В детстве она путалась под ногами у великанов. Высокий отец, а рядом - Маяковский, Блок, Репин...
Ее осенила своей дружбой Ахматова.
Судьба назначила ей встречу в Чистополе сорок первого года с Цветаевой.
Да, ей было это назначено - приходить к людям не в праздники, не в минуты удач и побед, а в тяжкие минуты утрат, гонений, нищеты. И к каждому она приходила заступницей. Часто такой же нищей и гонимой.
В 1927 году двадцатилетней девушкой она пережила арест и ссылку. Муж Лидии Корнеевны, физик-теоретик Матвей Бронштейн, был арестован в 1937-м и вскоре расстрелян.

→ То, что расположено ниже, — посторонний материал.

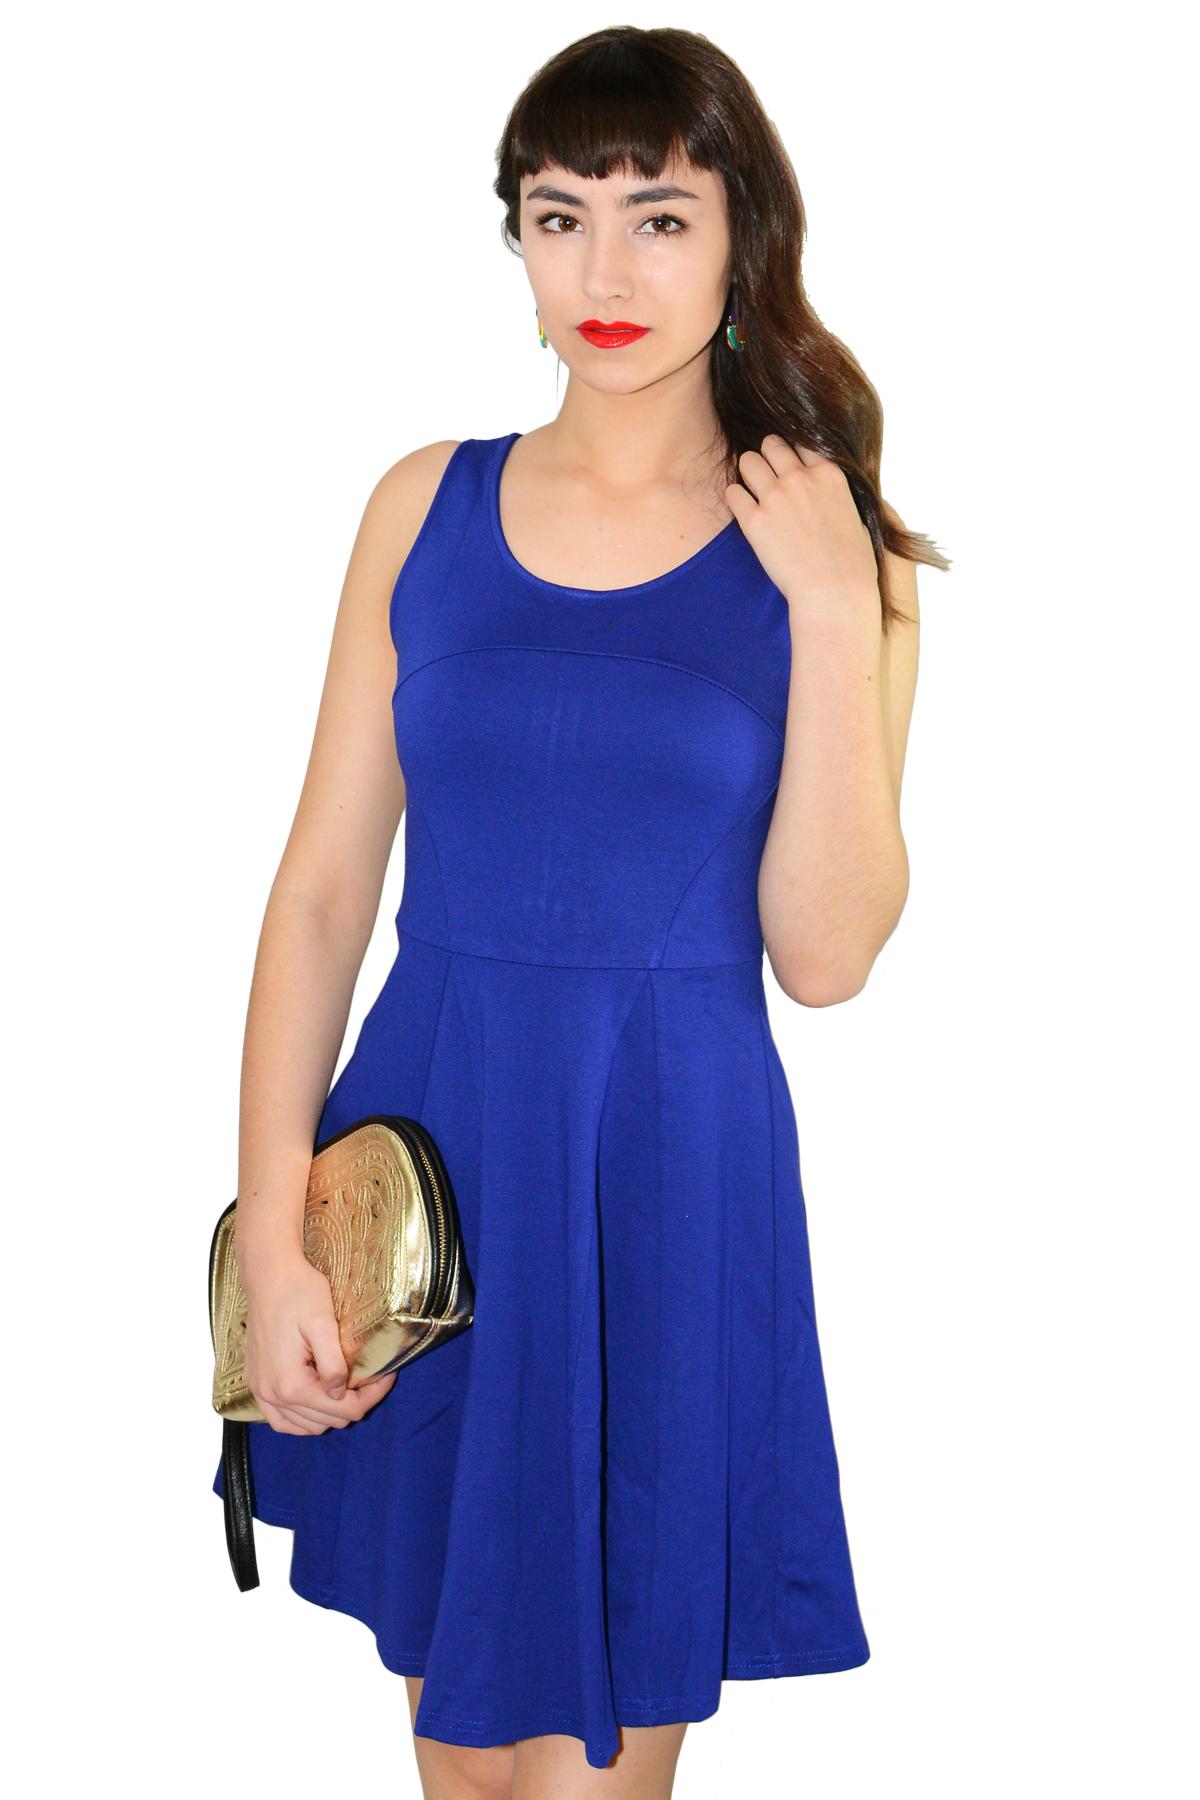 Royal blue dress — simply chic

Сколько прошений, ходатайств, протестов написала за свою жизнь эта слабая женщина! "Дело писателей не преследовать, а вступаться..." - писала она в открытом письме Шолохову в мае 1966 года. В январе 1974 года Лидия Корнеевна была исключена из членов Союза писателей, долгие годы ее имя было под запретом, оно вымарывалось даже из книг о К.И. Чуковском.
В октябре 1994 года я с трепетом вошел в комнату Лидии Корнеевны. Зашторенное от яркого света окно. Старая лампа и том Александра Блока на прикроватной тумбочке.
Я попросил разрешения включить диктофон - готовил статью о Корнее Ивановиче, и мне, конечно, хотелось записать воспоминания о нем дочери великого сказочника.
Лидия Корнеевна с презрением, как на пакостное насекомое, посмотрела на диктофон:
- А как я записывала за Ахматовой?! Я же записывала слово в слово. Если я записала, значит, так она и сказала.
Лидия Корнеевна добавила, что с блокнотом она тоже за Ахматовой не ходила, записывала лишь, когда возвращалась домой. Но в абсолютной точности записанного всегда была уверена: "У меня хороший слух..."
Я хотел было заметить, что у меня такого слуха и памяти нет, но понял, что диктофон осужден навсегда и никакие мои аргументы не помогут. Надо напрячься и, как писали в старинных романах, обратиться в слух.
Вот что я записал по памяти, когда после нашей недолгой беседы ехал домой на электричке.
"...Мне разрешили писать три часа в день. Видит немного один глаз. Надо читать корректуры. Не перечитаны письма Корнея Ивановича. Лежат письма Асмуса. Надо успеть..."
Берет желтую планшетку, надевает очки-бинокли и пишет что-то. Потом протягивает мне. Там три слова: "Я пишу так".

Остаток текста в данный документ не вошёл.